**Supplied material:**
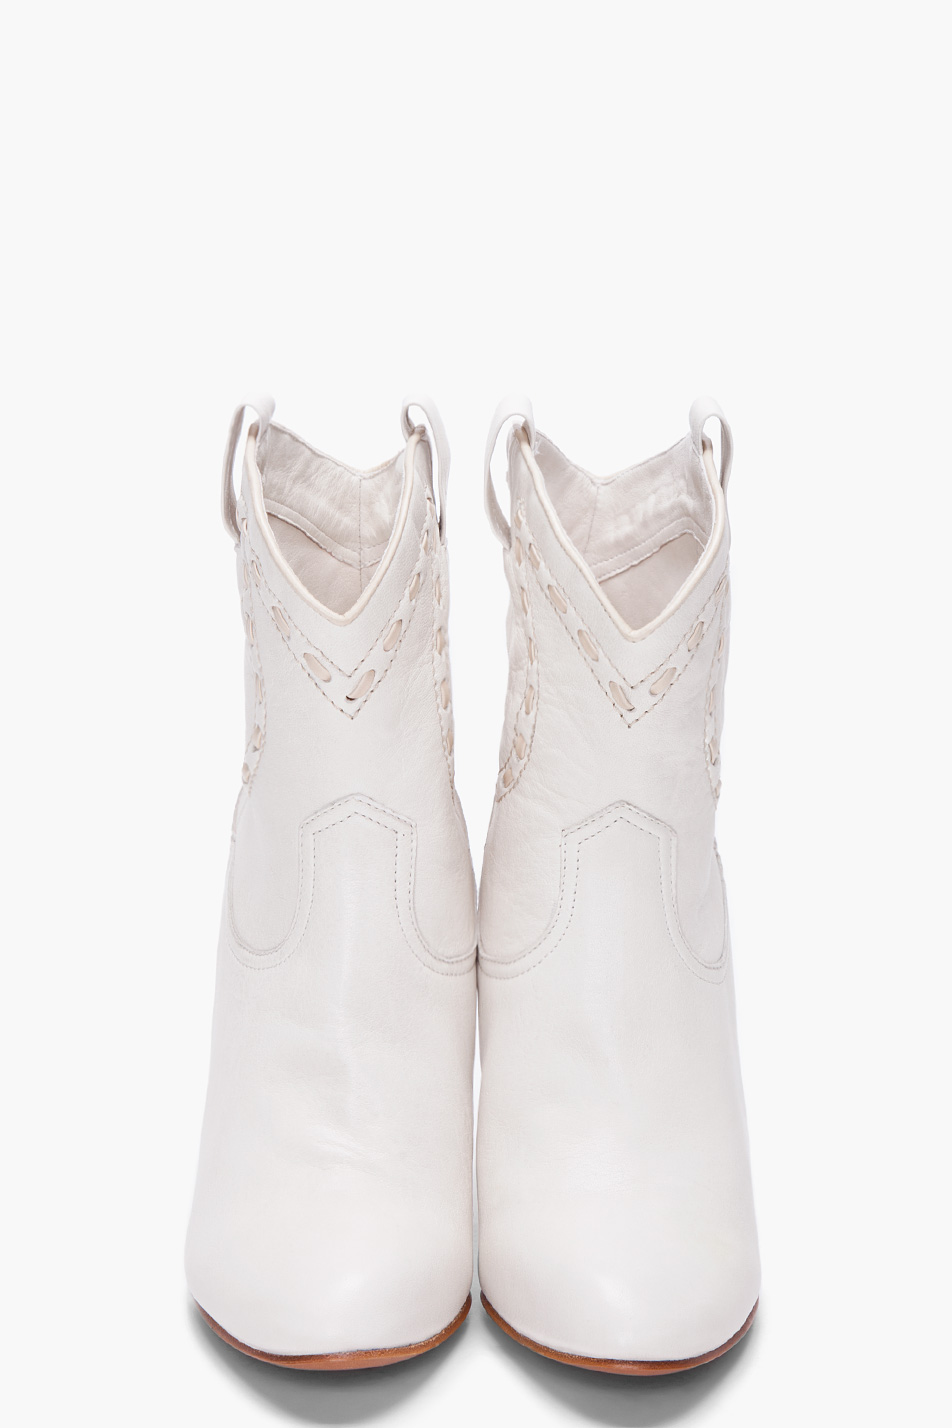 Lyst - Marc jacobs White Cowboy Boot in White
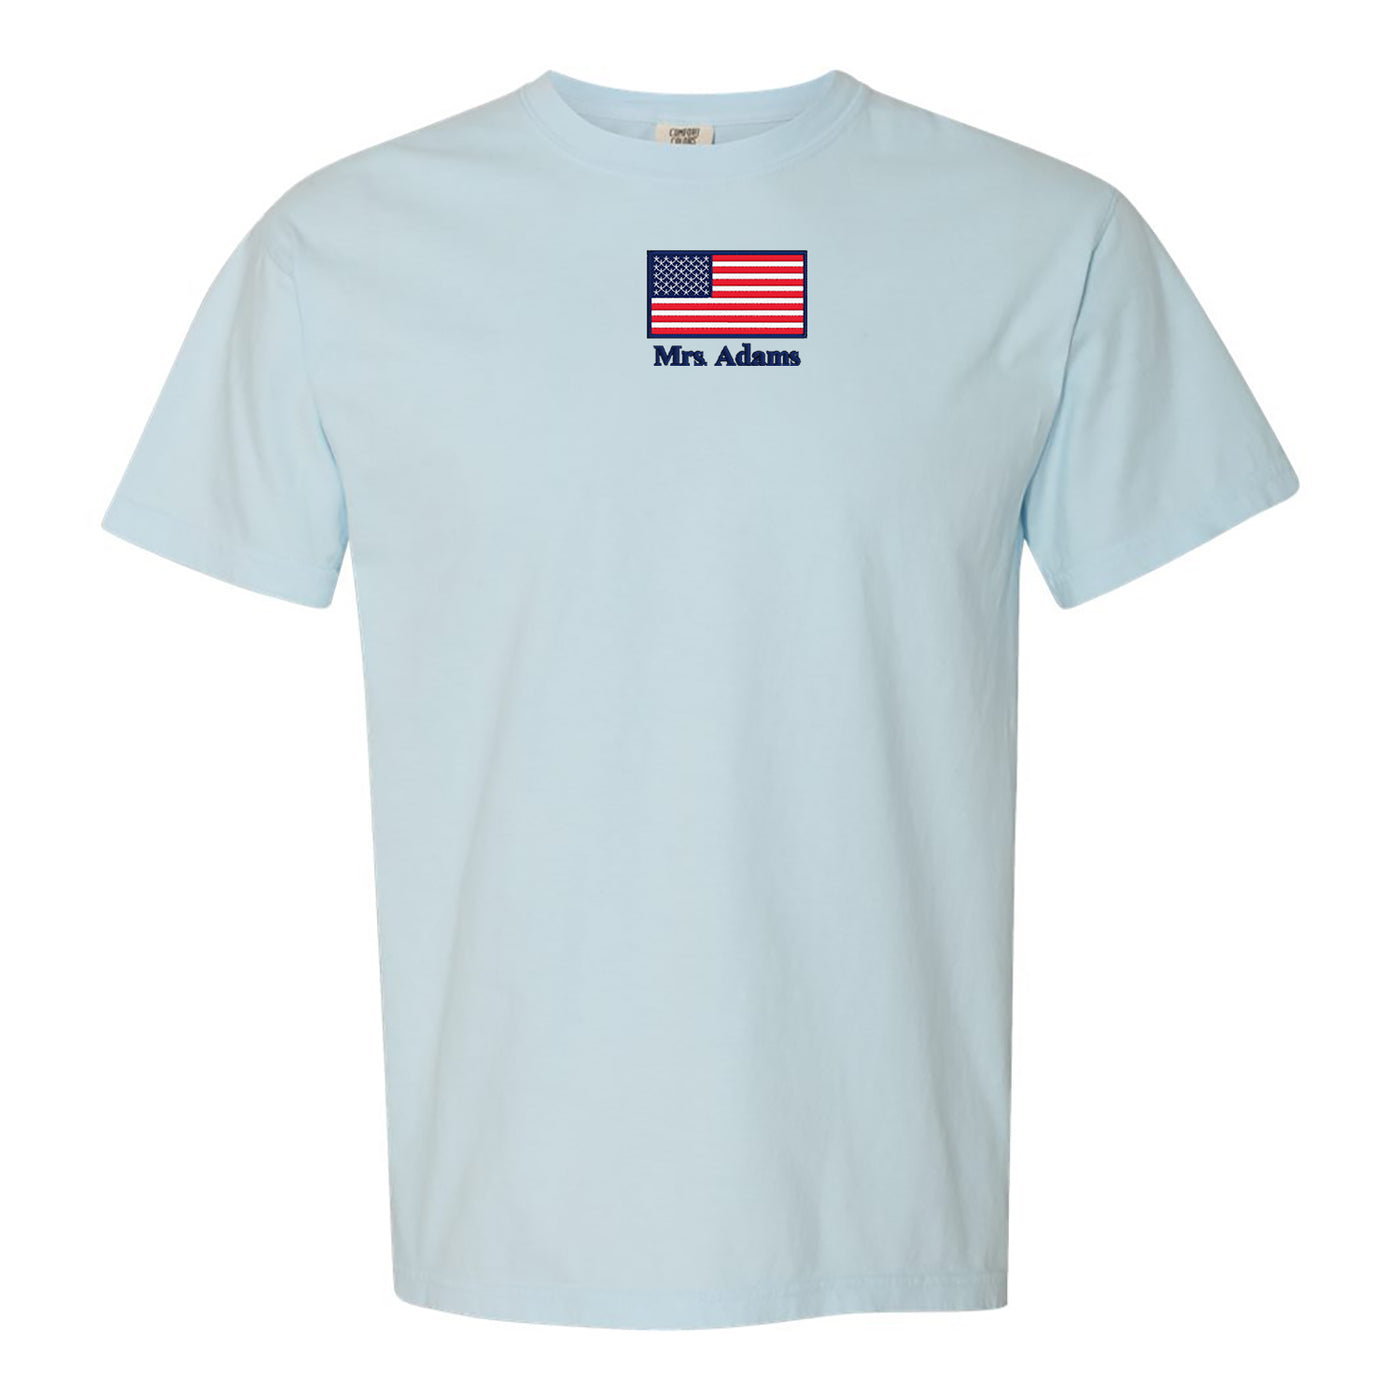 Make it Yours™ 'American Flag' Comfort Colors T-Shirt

---

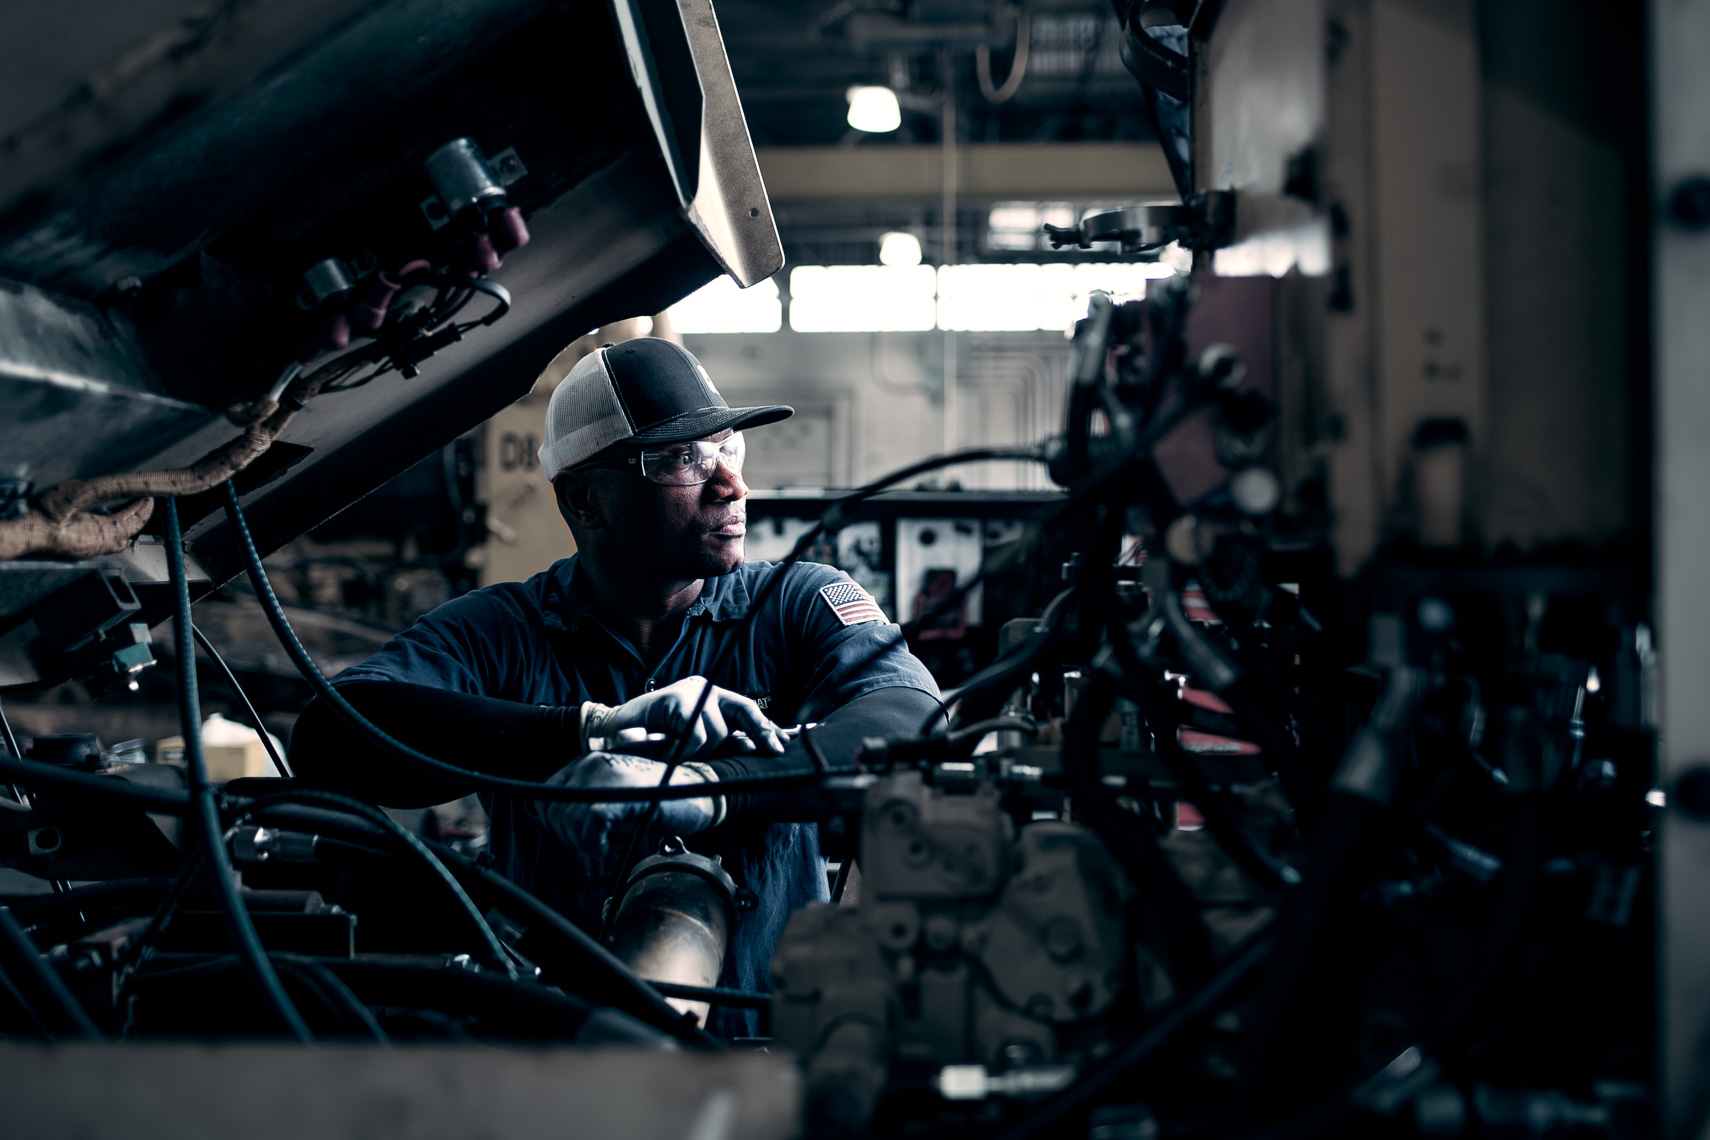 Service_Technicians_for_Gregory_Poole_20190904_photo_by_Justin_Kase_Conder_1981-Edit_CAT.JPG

**Activity:**
The lines to set down run from the line with "Lyst - Marc" up to and including the line with "Make it Yours™" in the entries above. Reproduce them exactly, with no pictures.

**Response area:**
 Lyst - Marc jacobs White Cowboy Boot in White
 Make it Yours™ 'American Flag' Comfort Colors T-Shirt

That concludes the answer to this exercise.